* **Problem description**
Verbatim copy, images omitted: return the full listing.

++++ Data excerpt ++++

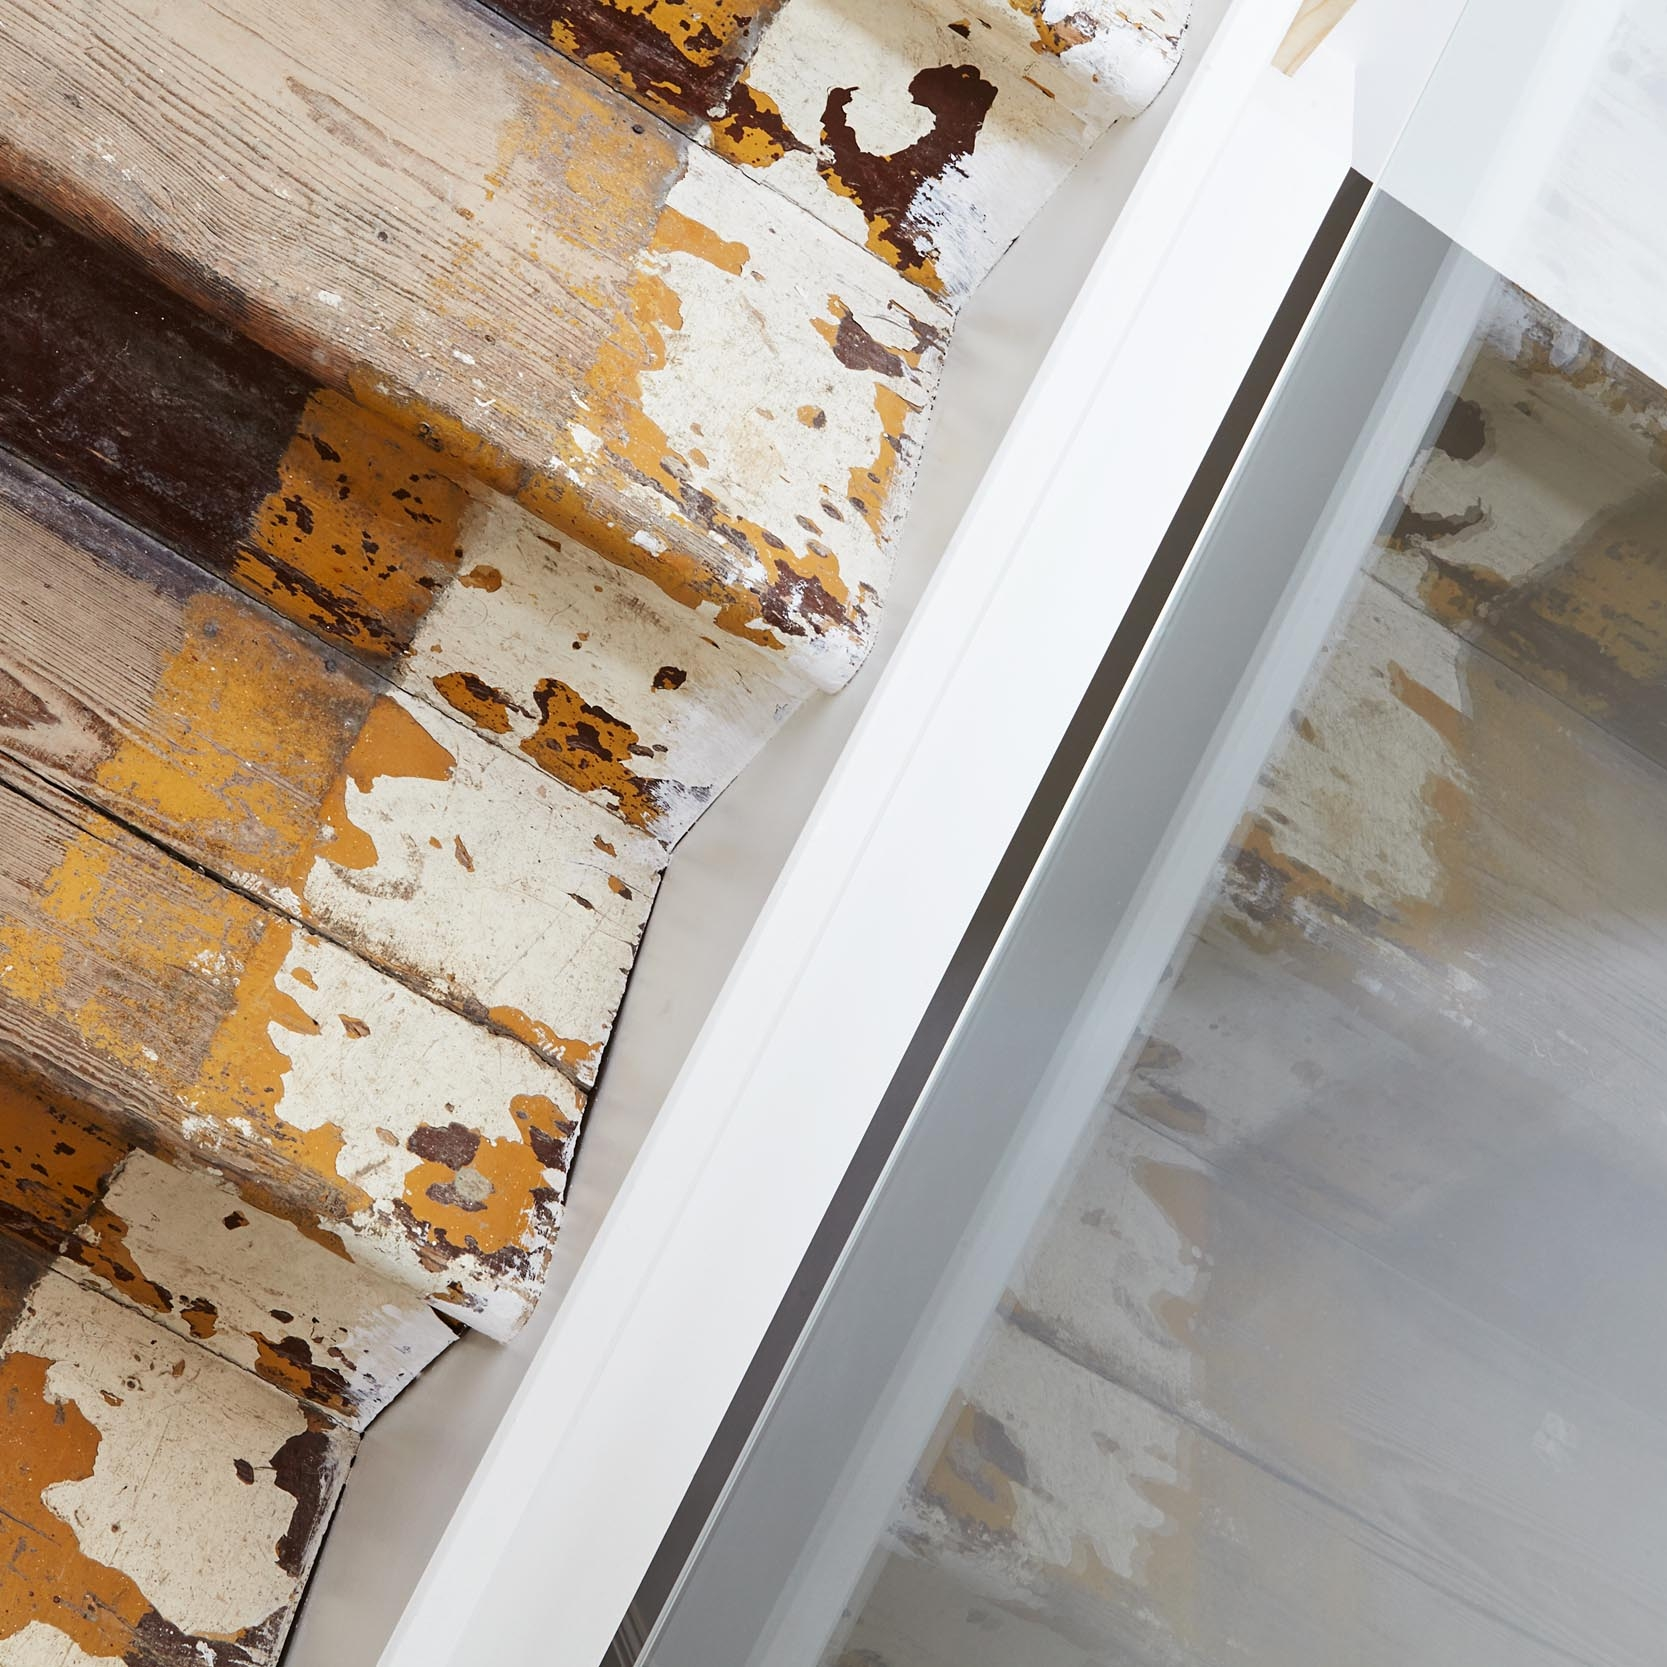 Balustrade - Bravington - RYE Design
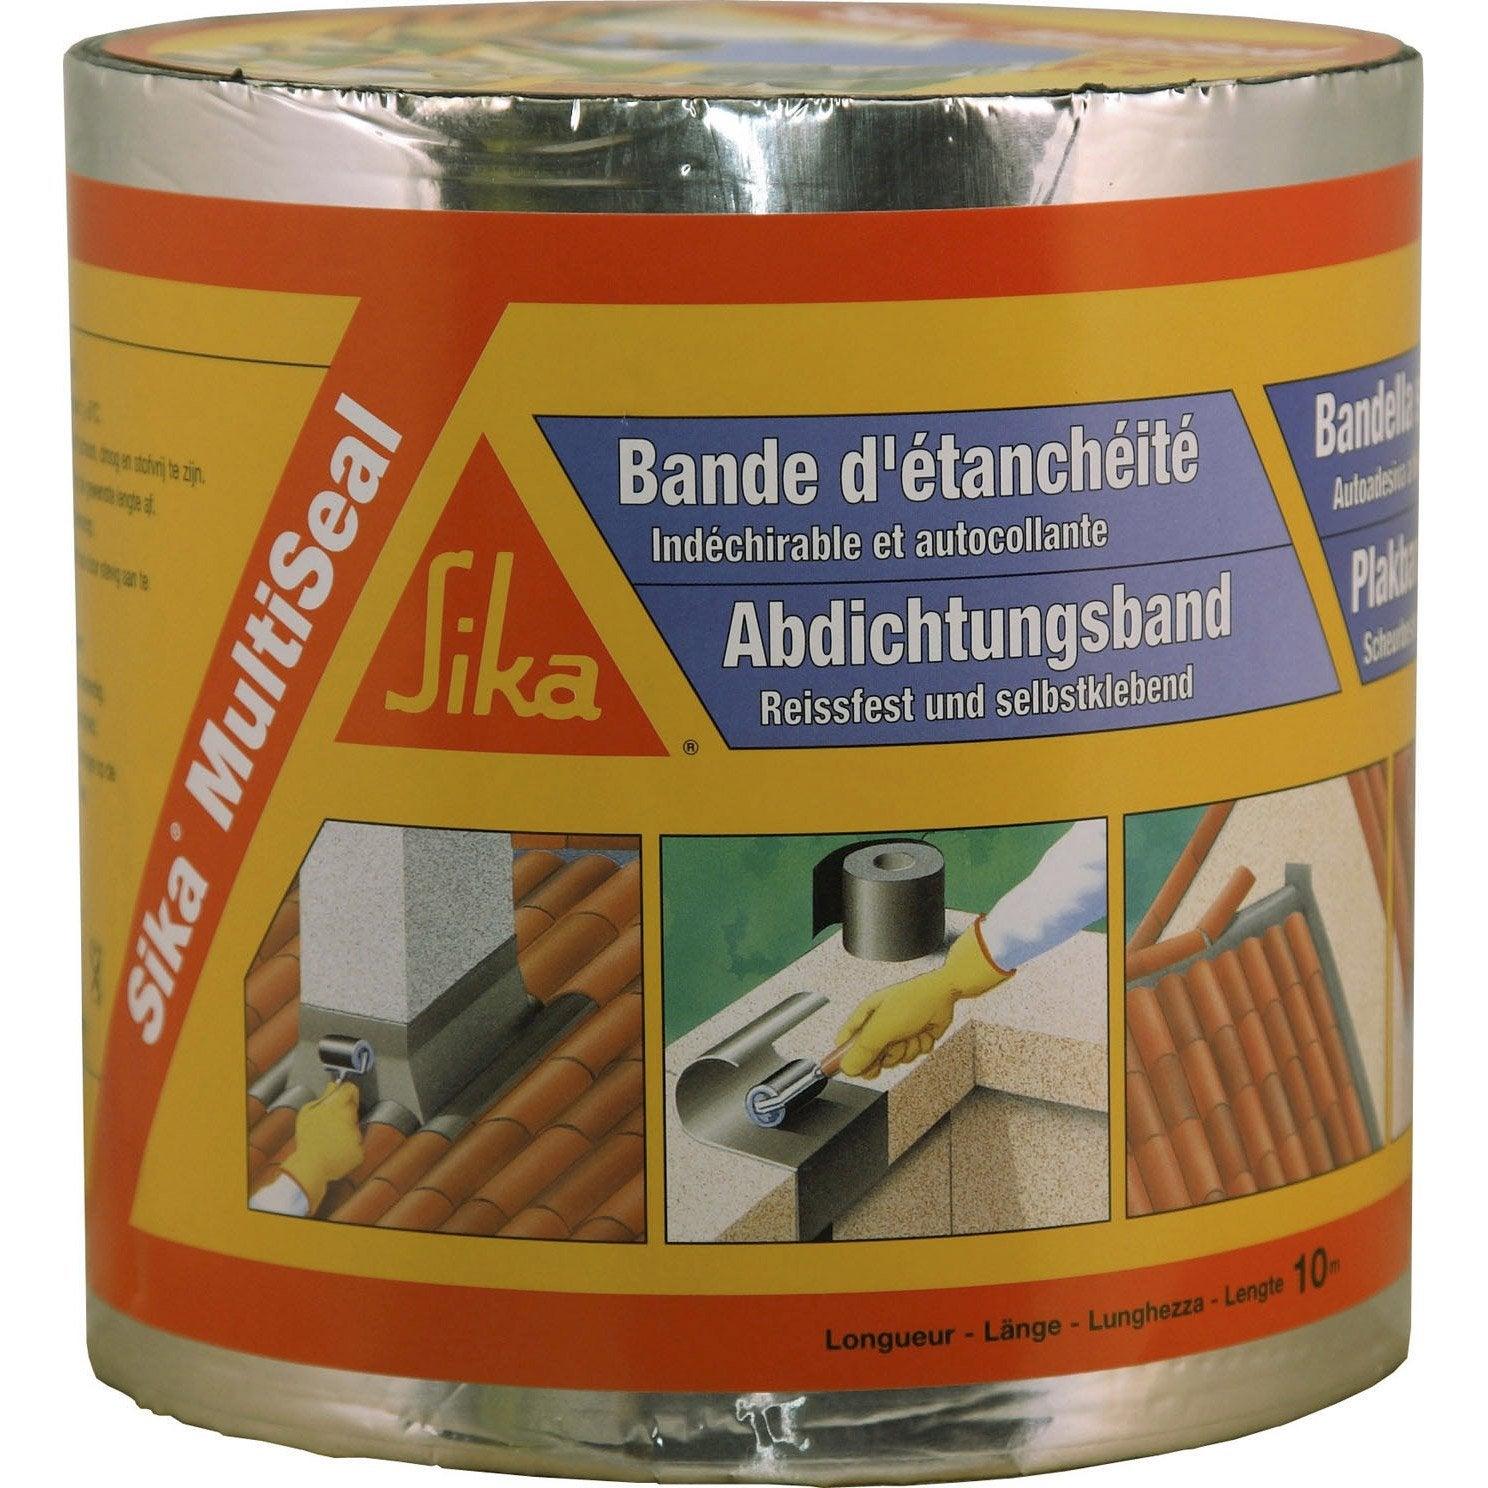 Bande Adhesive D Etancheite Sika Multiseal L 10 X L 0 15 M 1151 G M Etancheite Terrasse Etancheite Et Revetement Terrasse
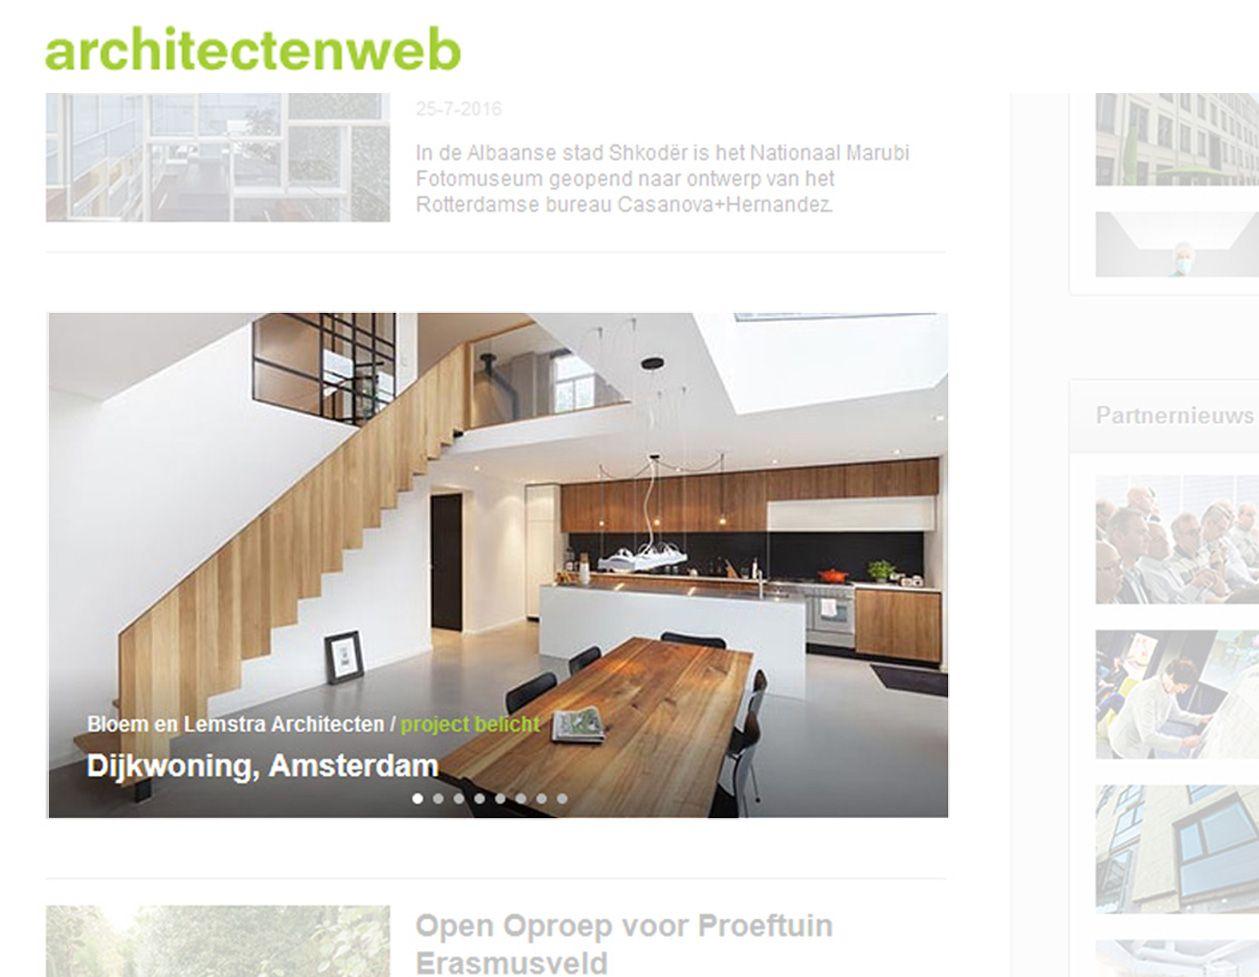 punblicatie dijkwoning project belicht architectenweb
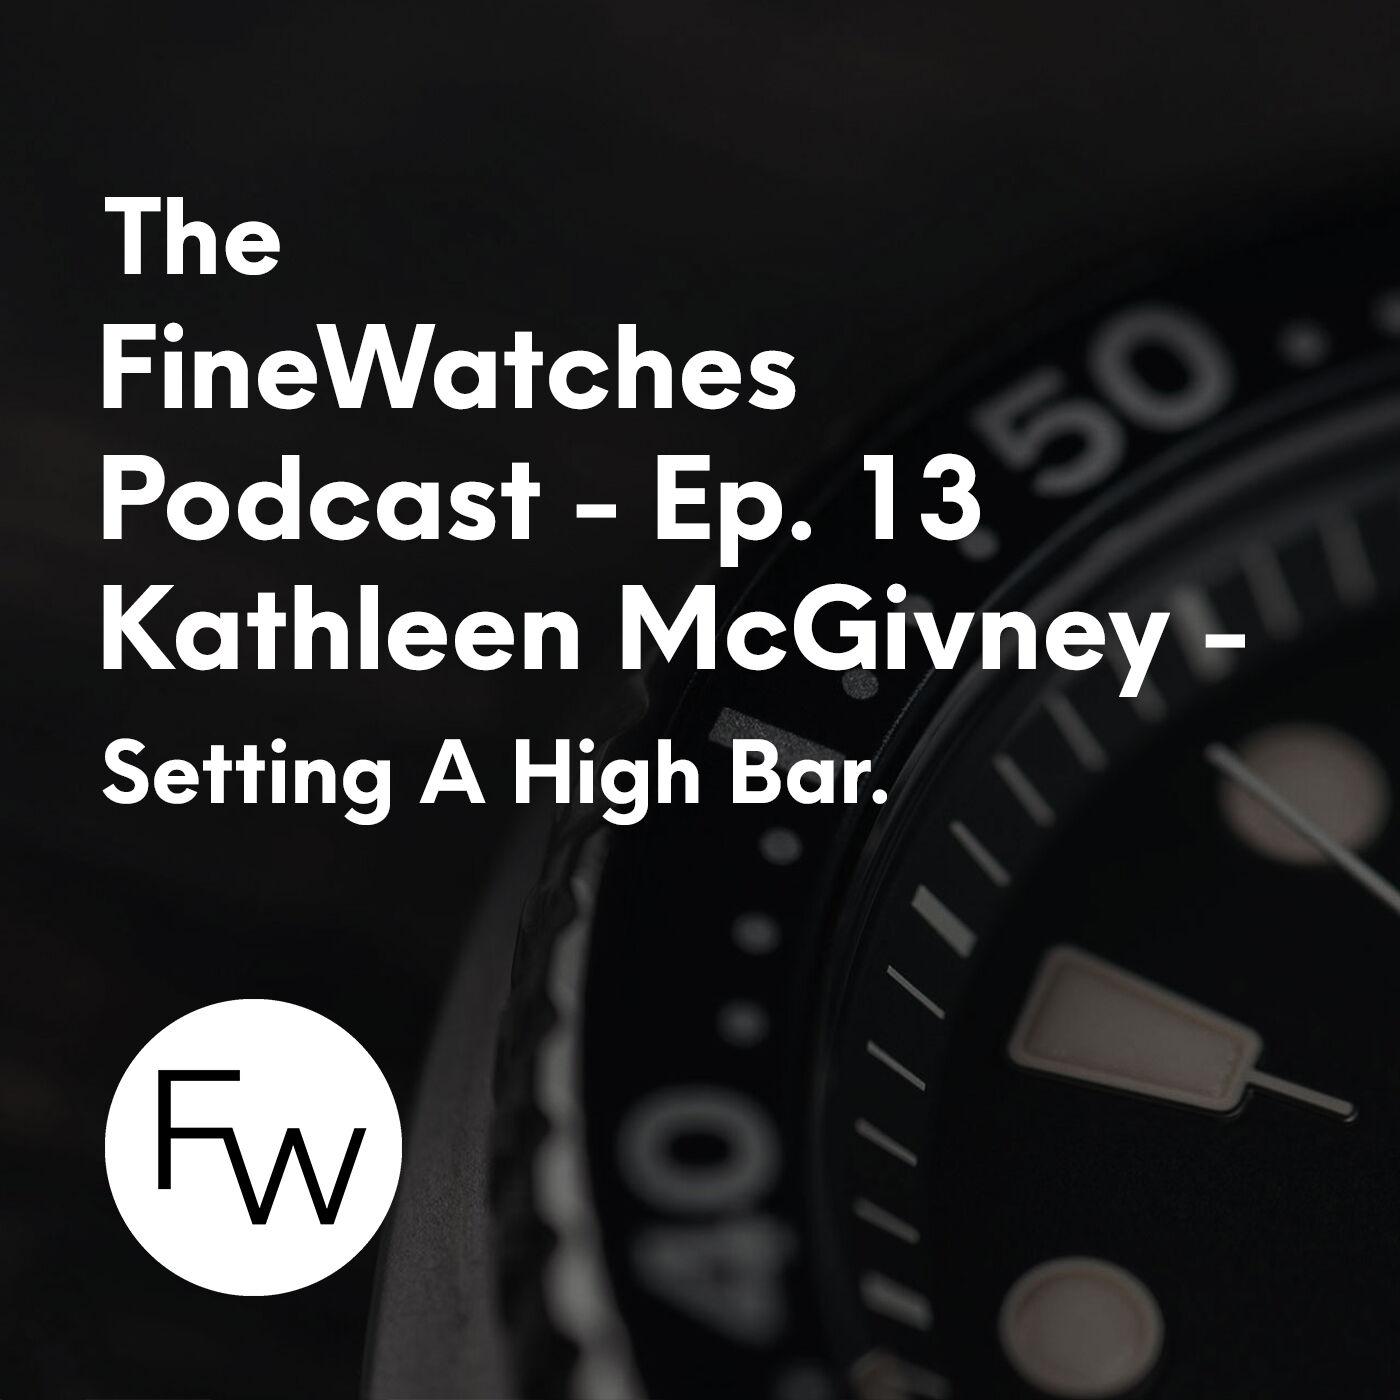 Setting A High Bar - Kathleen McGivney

++++

* **Answer box**
 Balustrade - Bravington - RYE Design
 Bande Adhesive D Etancheite Sika Multiseal L 10 X L 0 15 M 1151 G M Etancheite Terrasse Etancheite Et Revetement Terrasse
 punblicatie dijkwoning project belicht architectenweb
 Setting A High Bar - Kathleen McGivney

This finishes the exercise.